Source data:
►

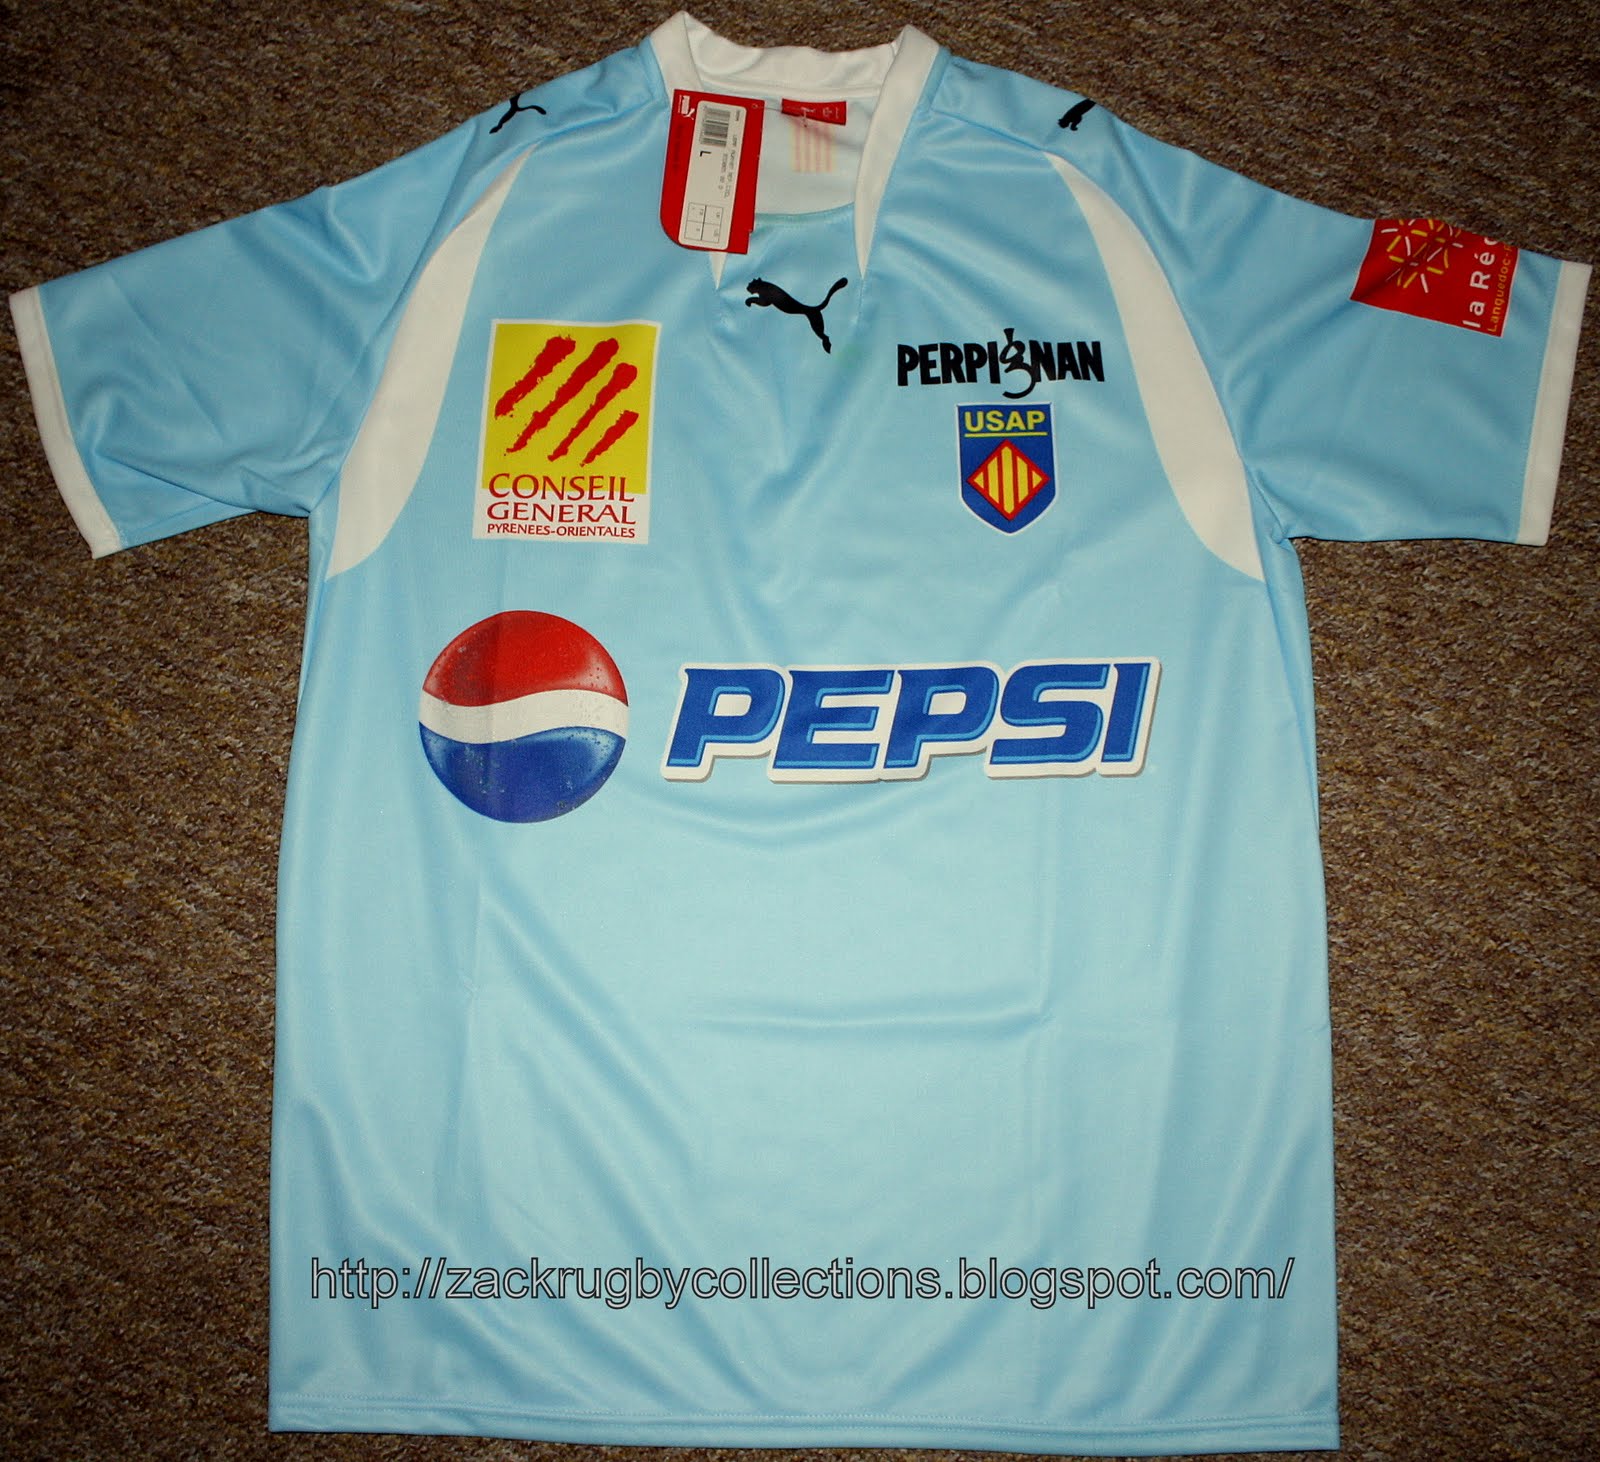 perpignan rugby jersey
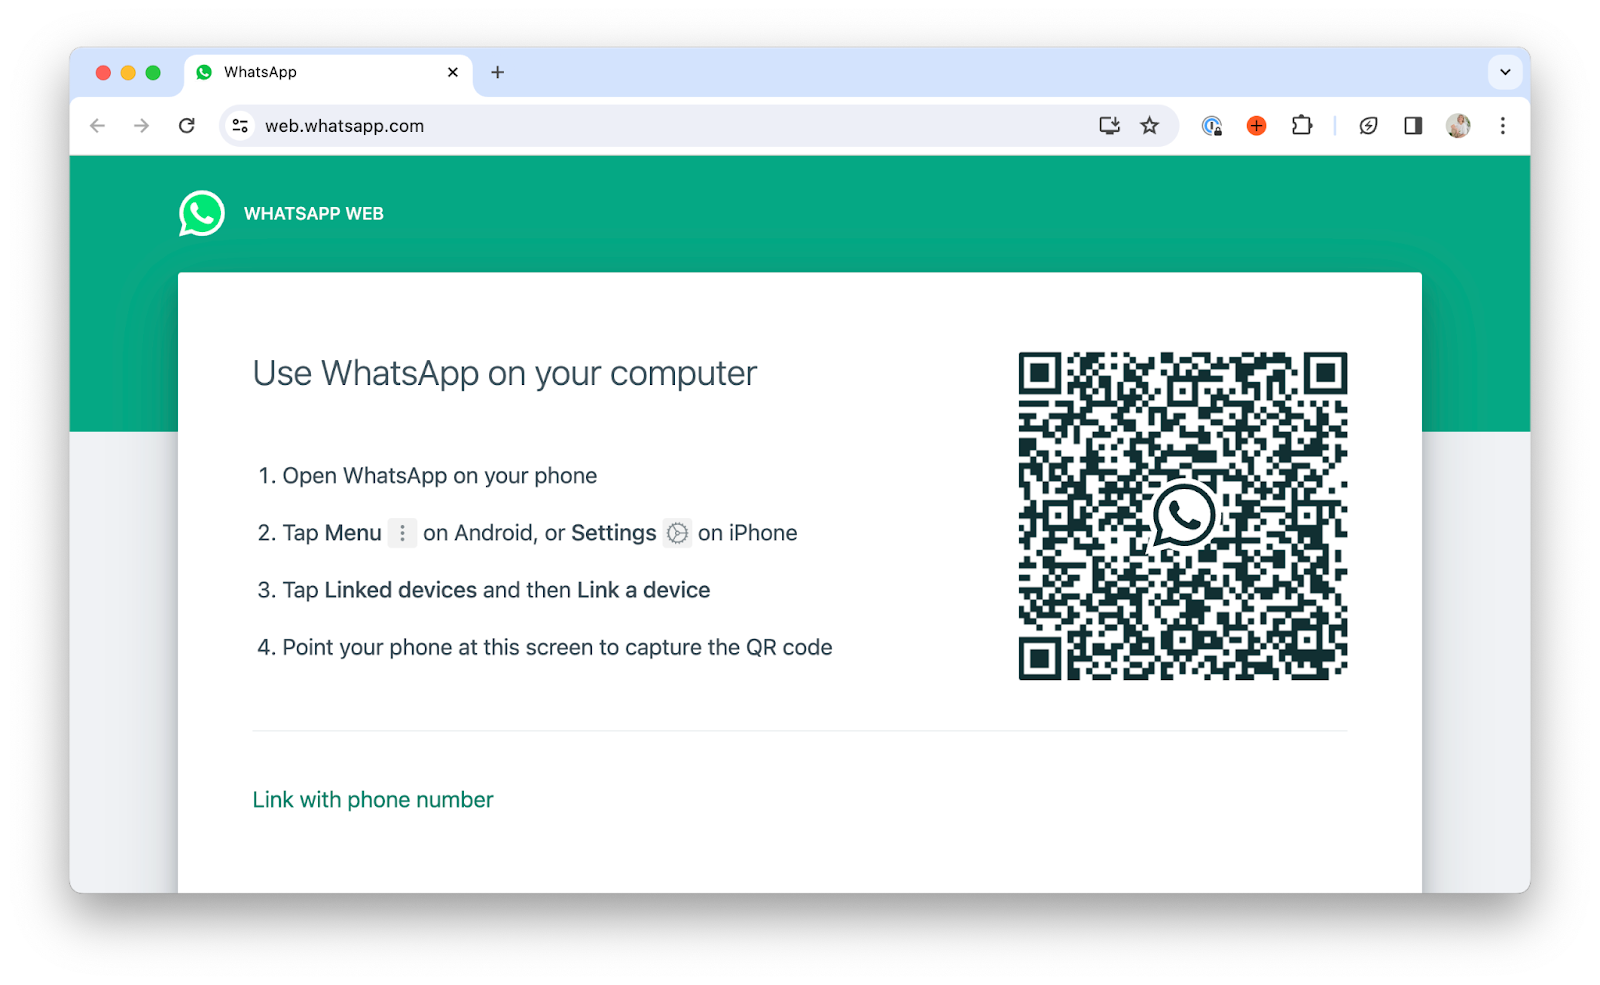 Is WhatsApp Safe to Use for Work?
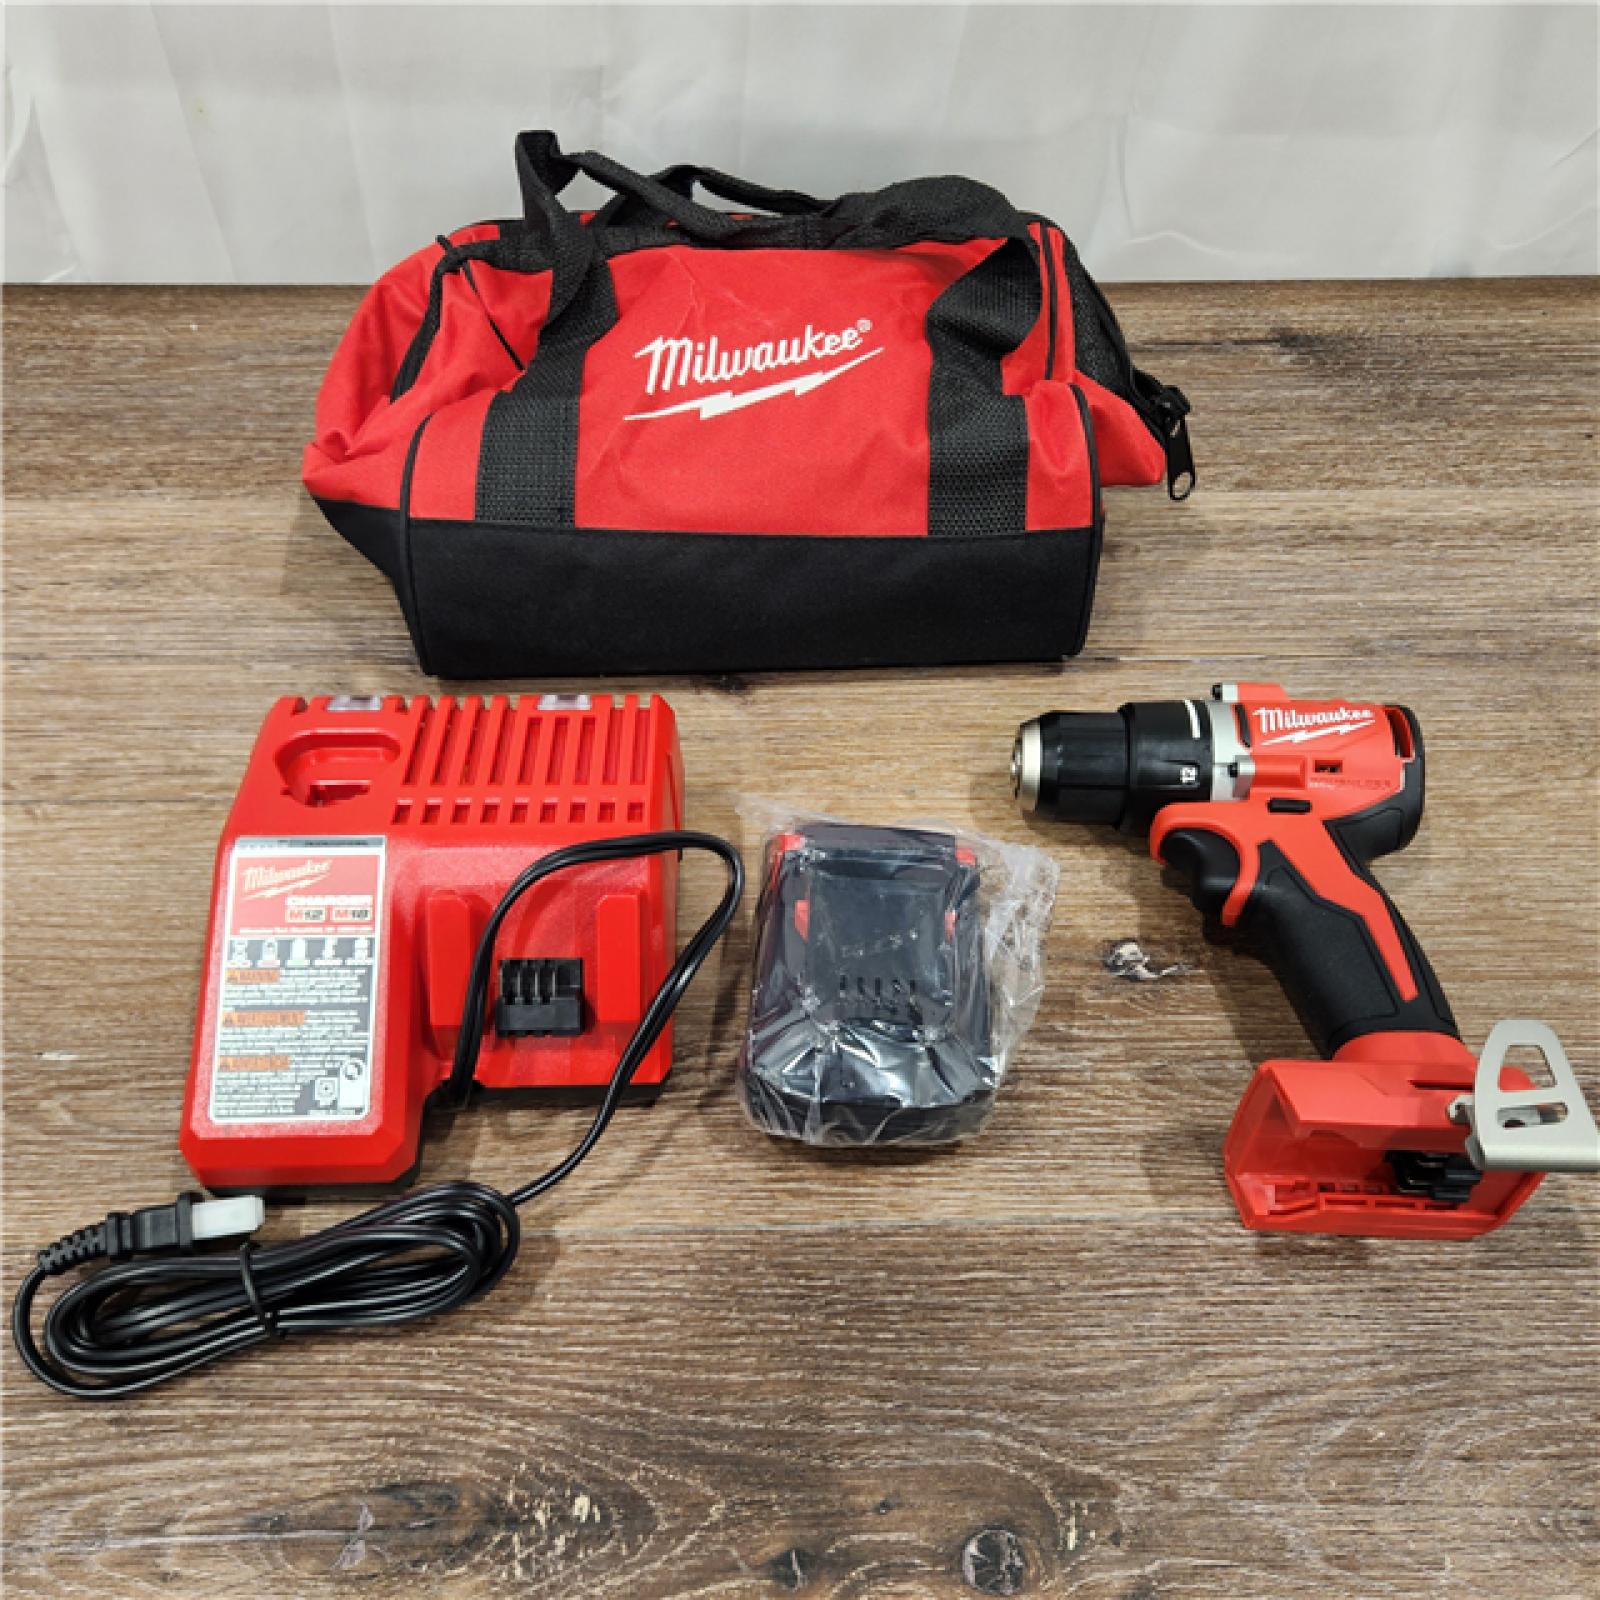 NEW! Milwaukee M18 Compact 1/2 in. Brushless Cordless Drill/Driver Kit (Battery & Charger)

◄

What needs to be done: Retype all of the material above exactly; the pictures stay out.

Problem solution:
 perpignan rugby jersey
 Is WhatsApp Safe to Use for Work?
 NEW! Milwaukee M18 Compact 1/2 in. Brushless Cordless Drill/Driver Kit (Battery & Charger)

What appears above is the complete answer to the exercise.